* [Task statement]: For this exercise, copy exactly every line from the one holding "Los atletas canadienses" through the end of the data, both included. Omit pictures.

* [Dataset extract]:
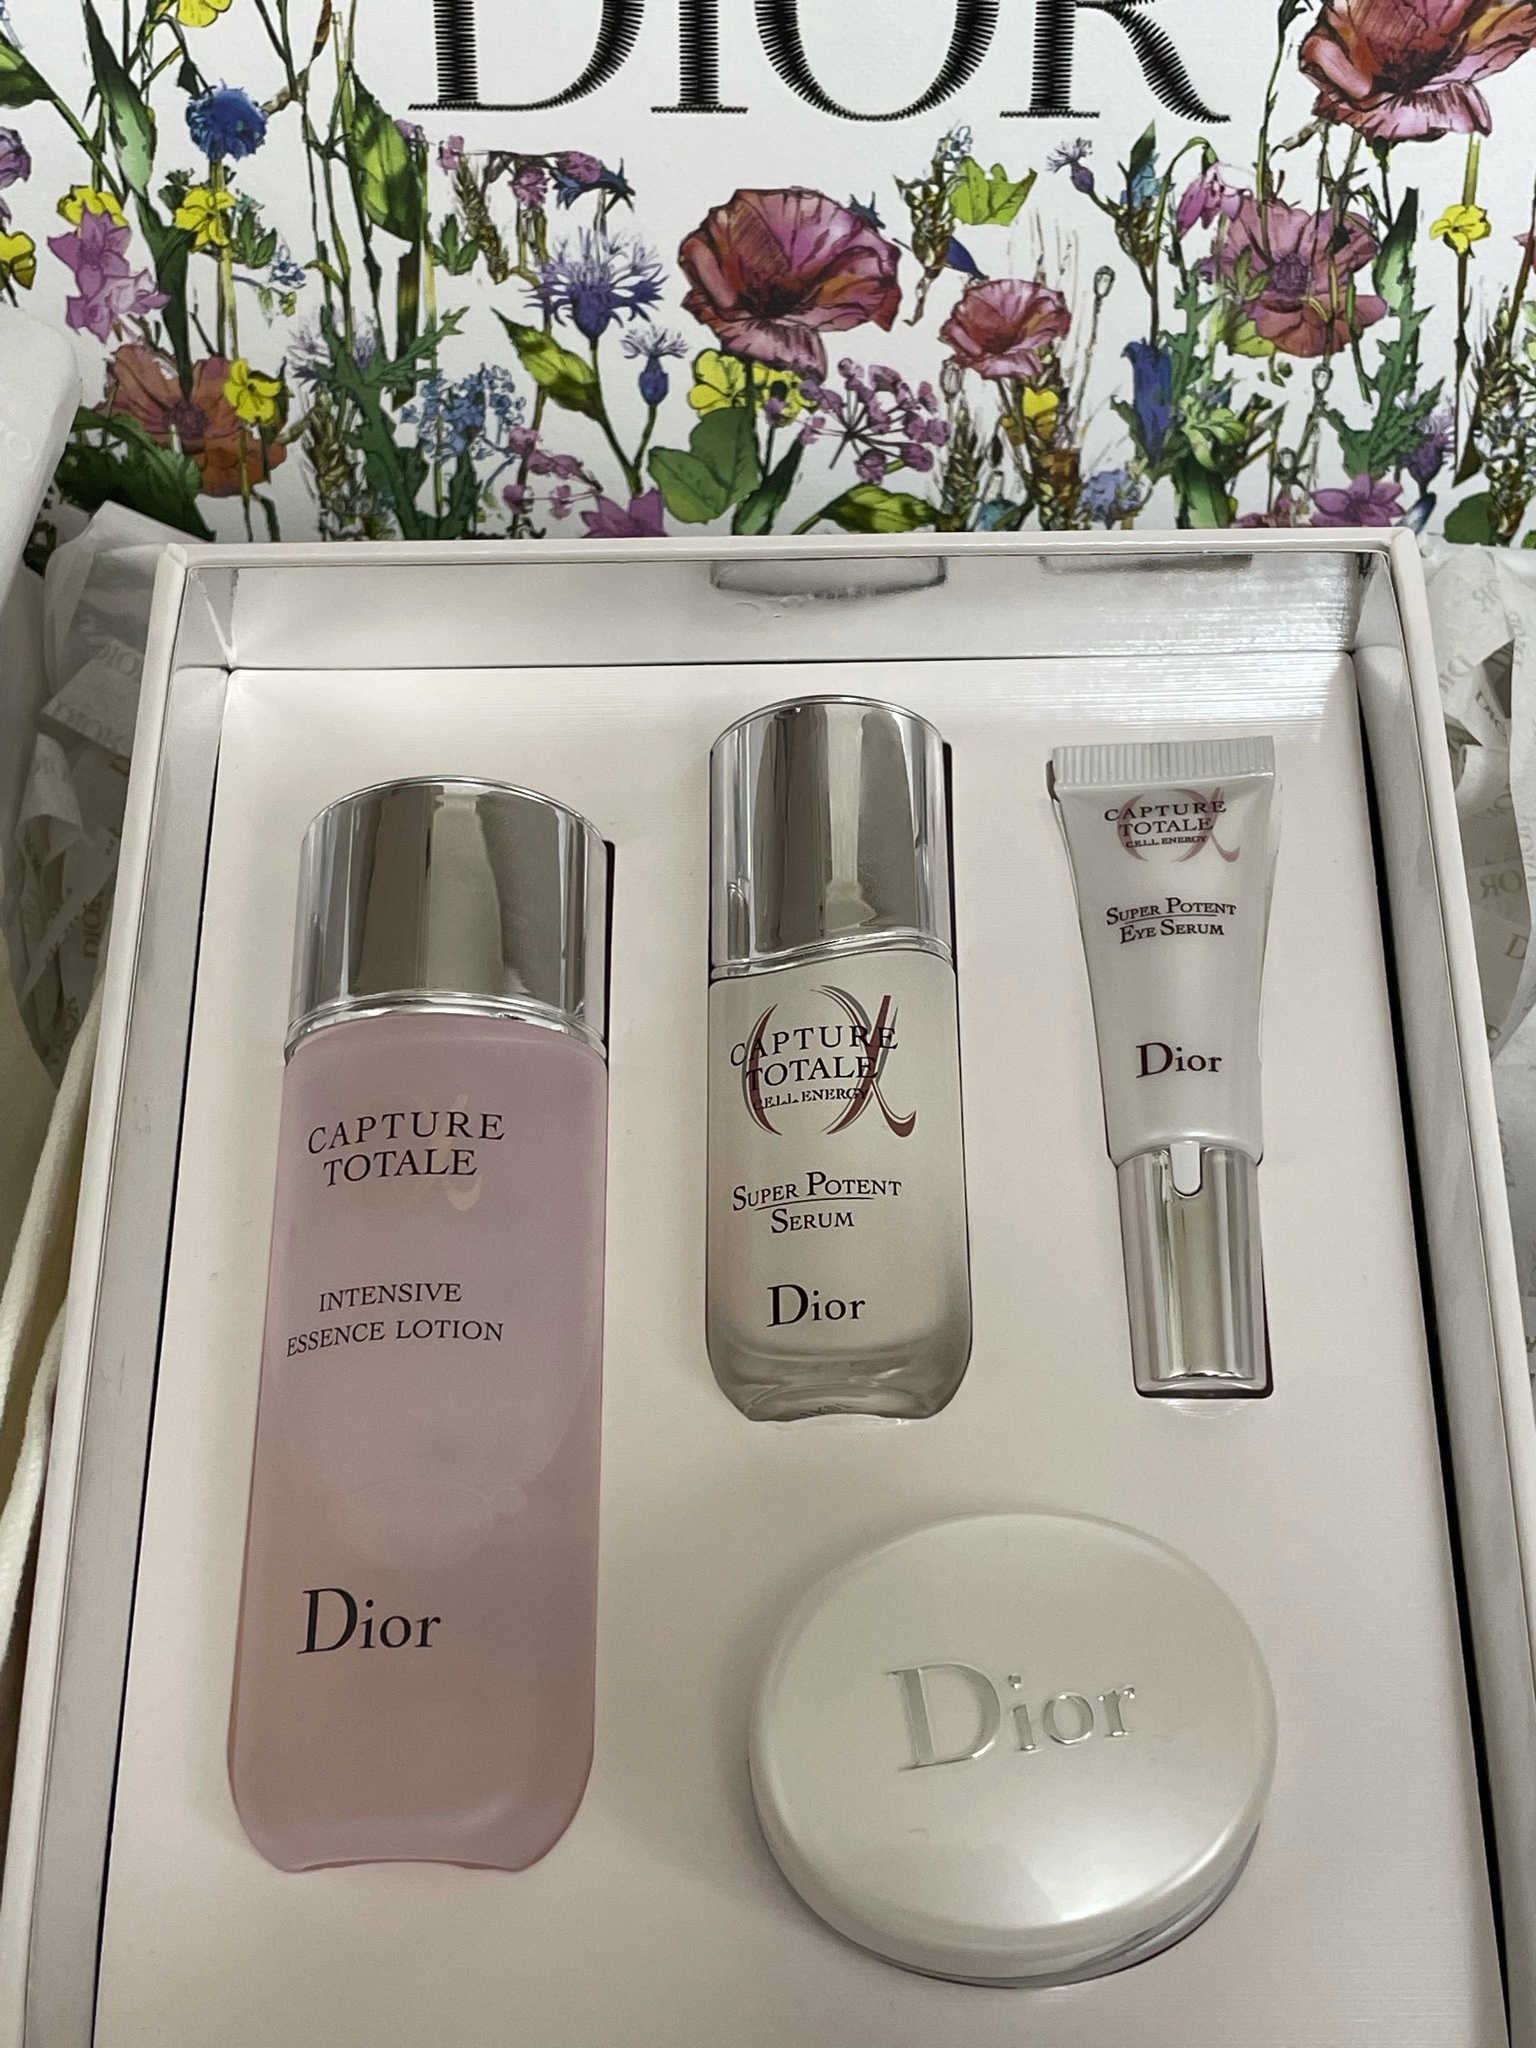 アウトレットセール 特集 Dior ディスカバリーキット i9tmg.com.br
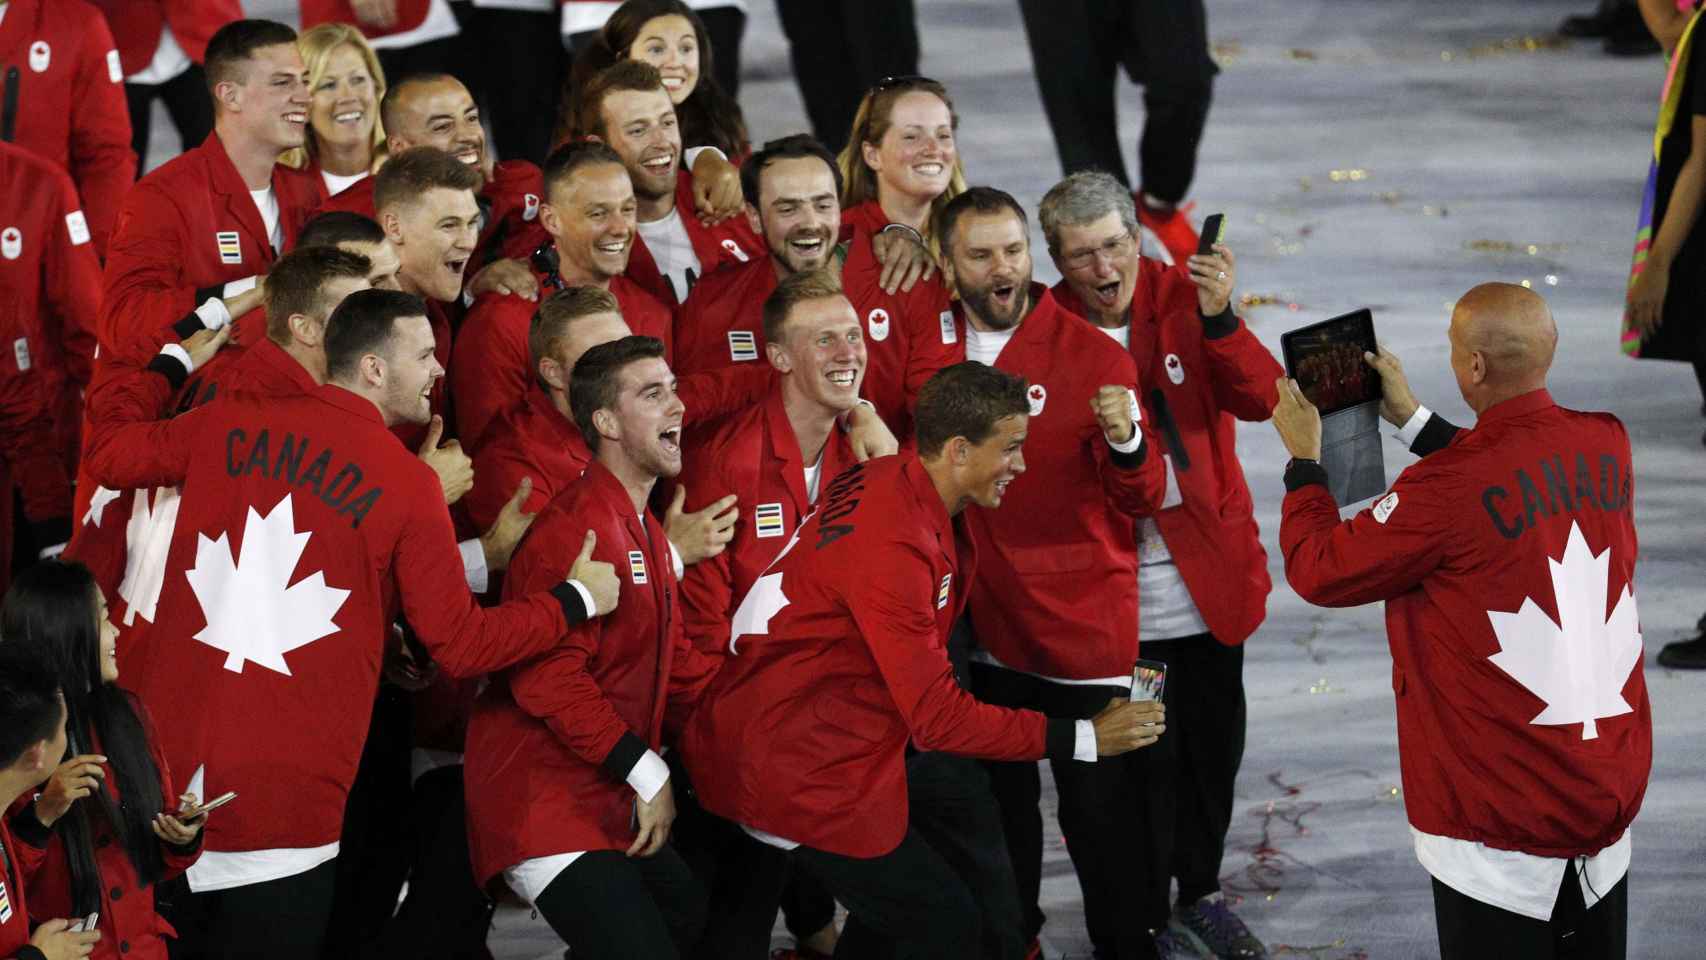 Los atletas canadienses posan sonrientes para una foto
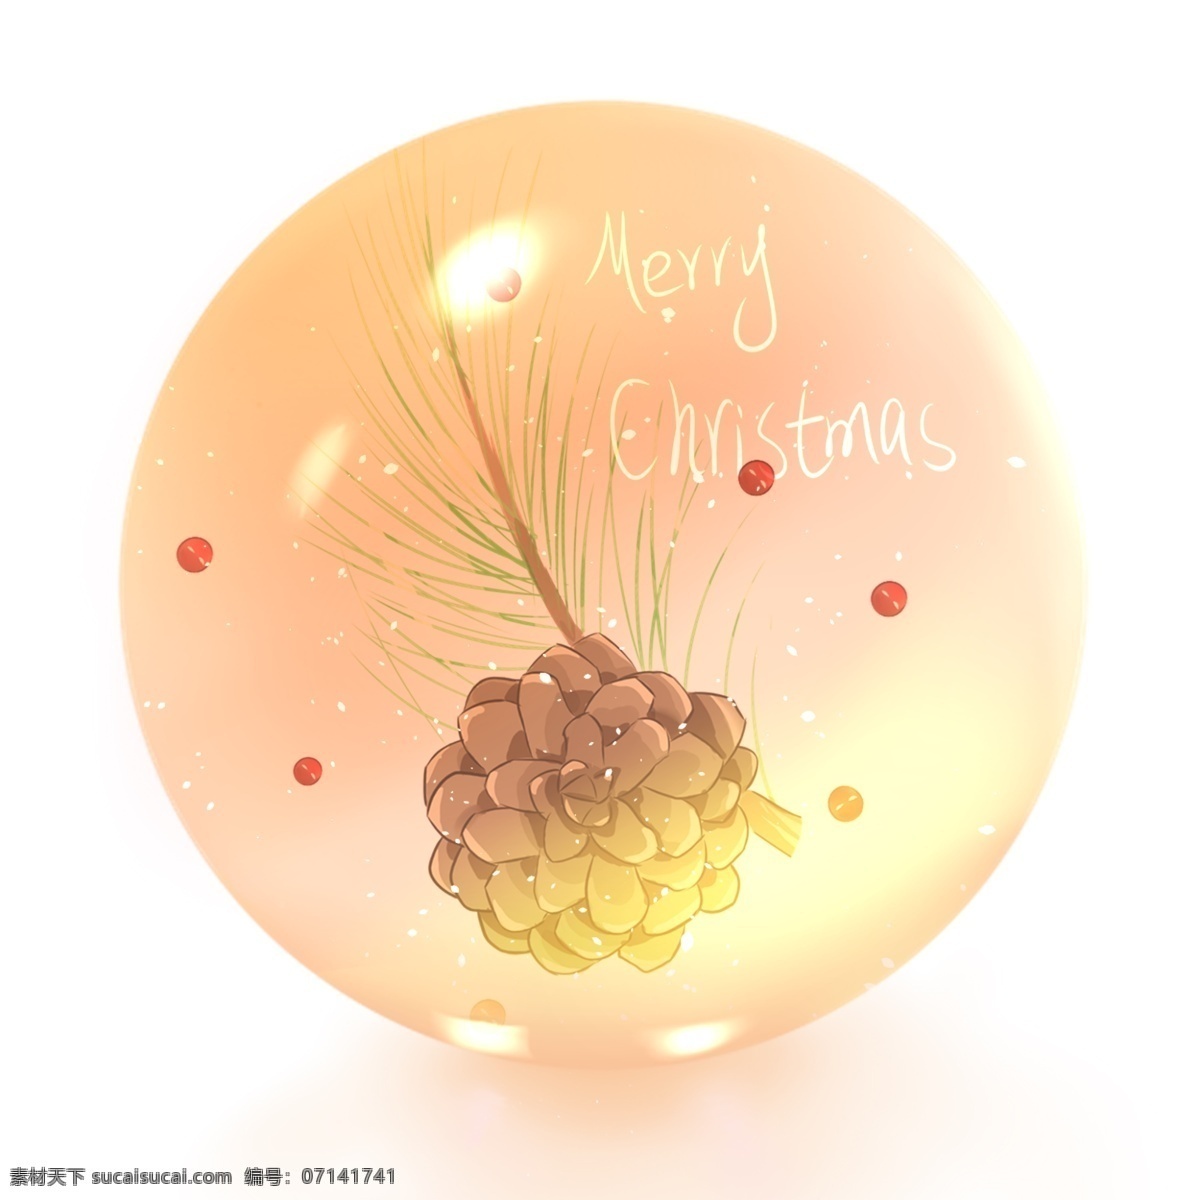 圣诞 水晶球 松子 冬青 果 圣诞节 圣诞夜 冬青果 礼物 手绘 卡通 可爱 圣诞快乐 雪花

* [Exercise answer]:
 Los atletas canadienses posan sonrientes para una foto
 圣诞 水晶球 松子 冬青 果 圣诞节 圣诞夜 冬青果 礼物 手绘 卡通 可爱 圣诞快乐 雪花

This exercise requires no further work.